Integer division by a constant

It may be surprising to learn that—until very recently—about the most expensive thing you could do on a modern CPU is an integer divide. Division is more than 50 times more expensive than addition and more than 10 times more expensive than multiplication. (This was true until Intel's release of the Cannon Lake microarchitecture, where the maximum latency of a 64-bit divide was reduced from 96 cycles to 18.⁶ This is only around 20 times slower than an addition, and 5 times more expensive than multiplication.)

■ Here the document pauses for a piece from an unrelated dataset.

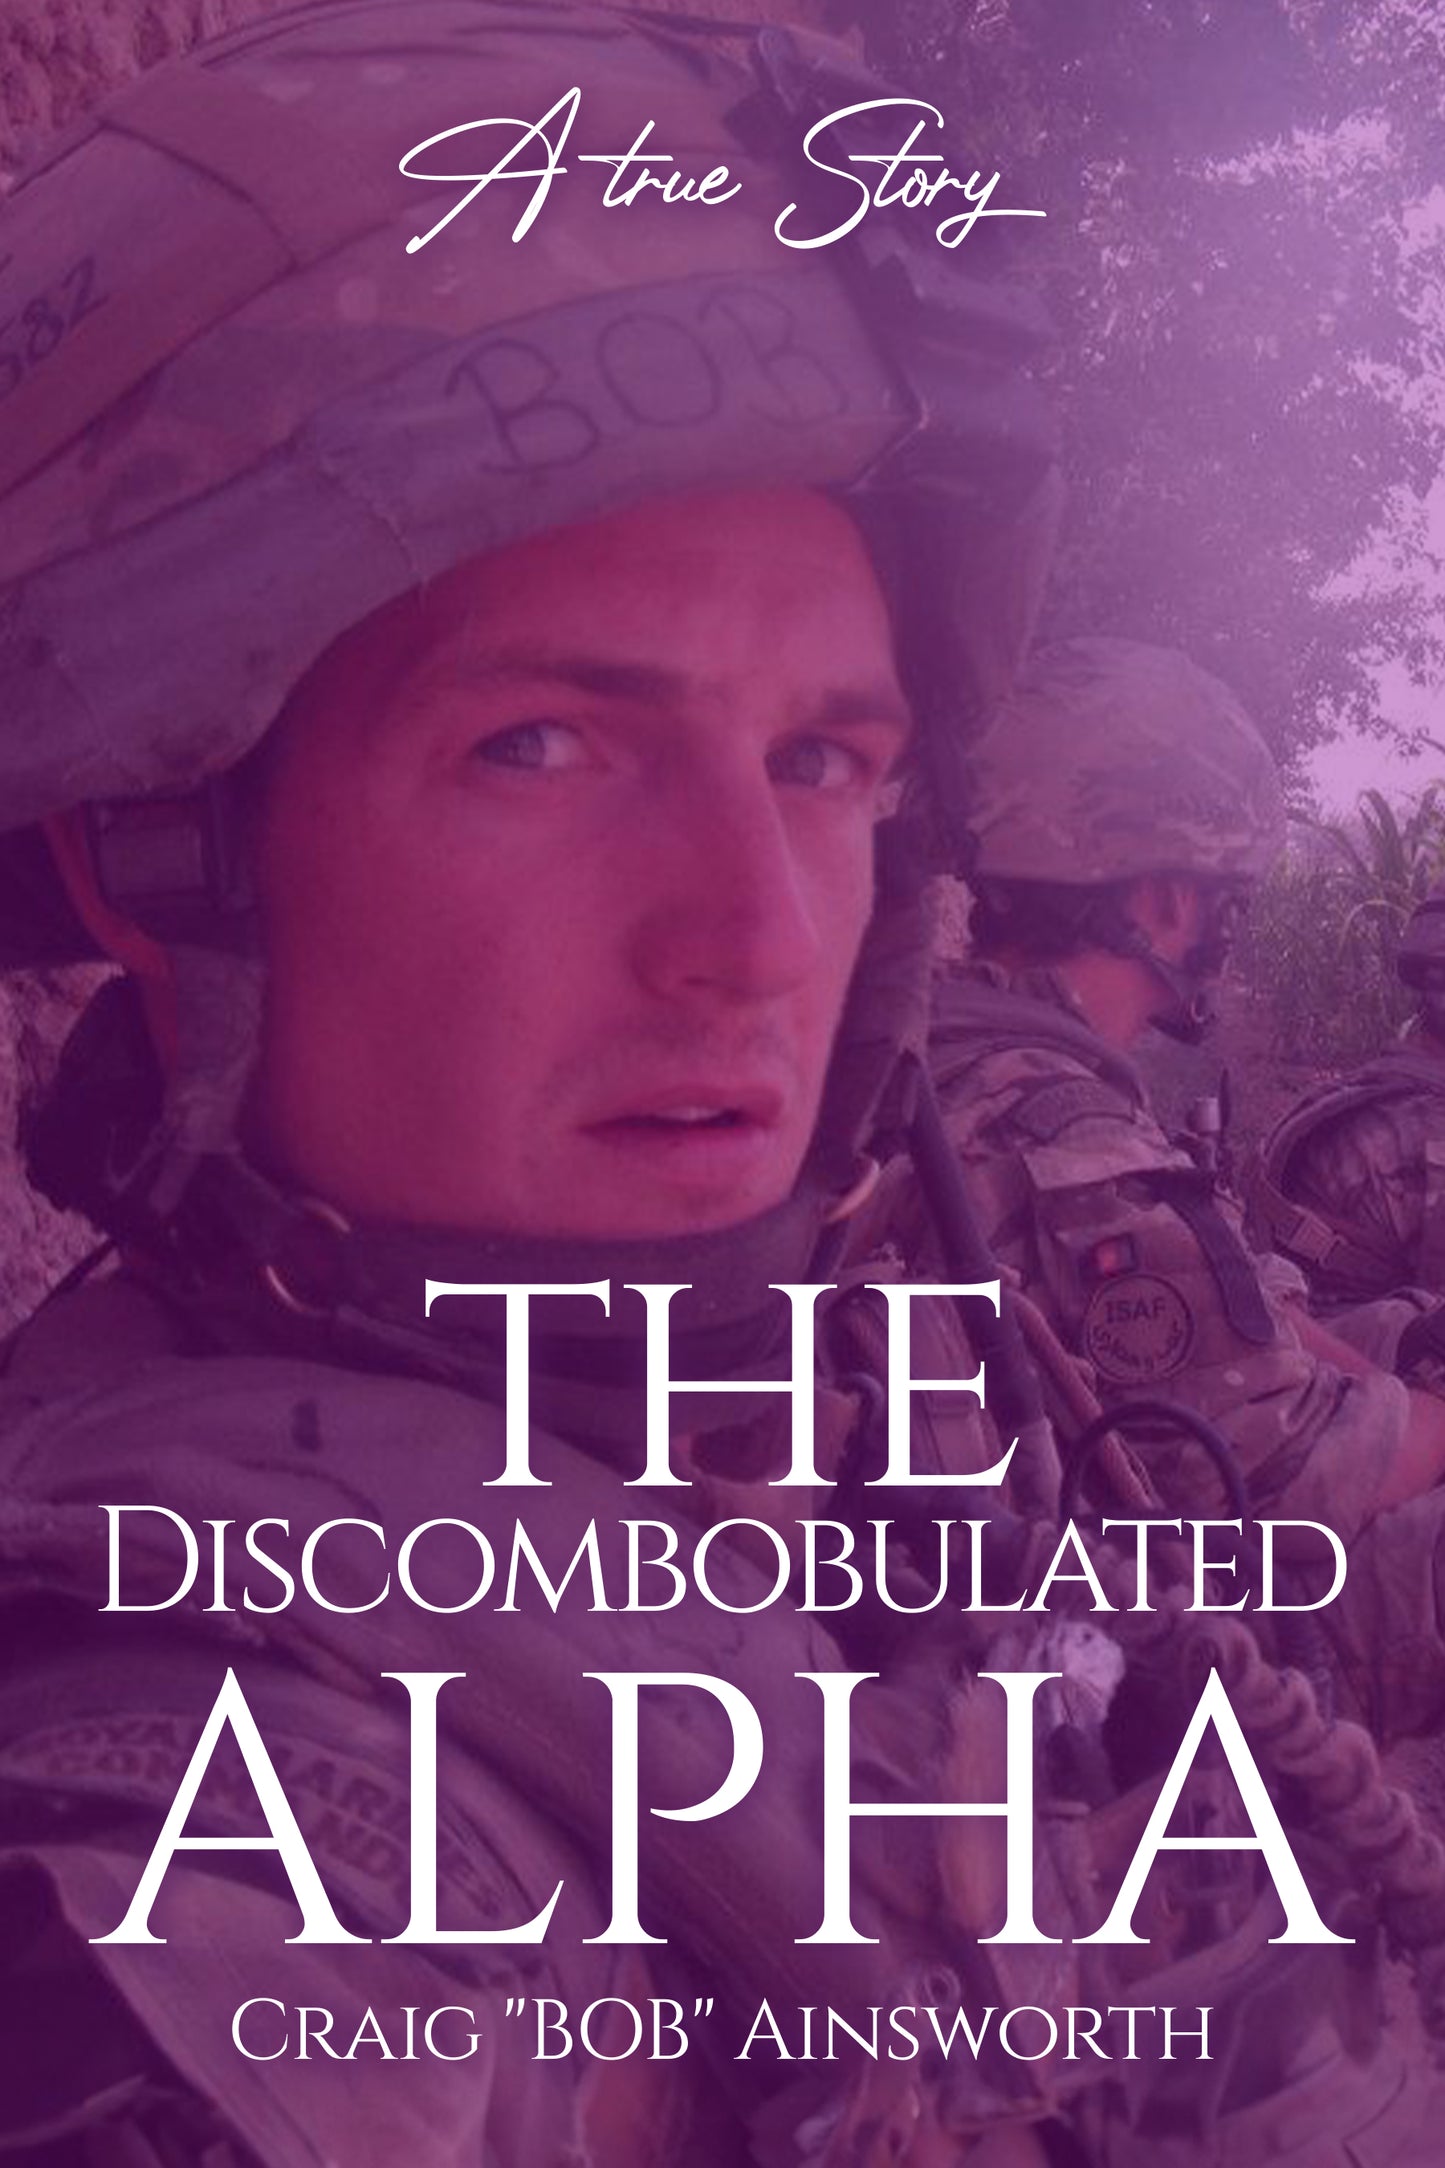 Z - Signed Copy of 'The Discombobulated Alpha' - By Craig 'Bob' Ainsworth (Biography)

Thankfully, compiler authors have some strength reduction tricks up their sleeves when it comes to division by a constant. I'm sure we've all realized that division by a power of two can often be replaced by a logical shift right—rest assured the compiler will do this for you. I would advise not writing a >> in your code to do division; let the compiler work it out for you. It's clearer, and the compiler also knows how to account properly for signed values: integer division truncates toward zero, and shifting down by itself truncates toward negative infinity.

However, what if you're dividing by a non-power-of-two value (j)? Are you out of luck?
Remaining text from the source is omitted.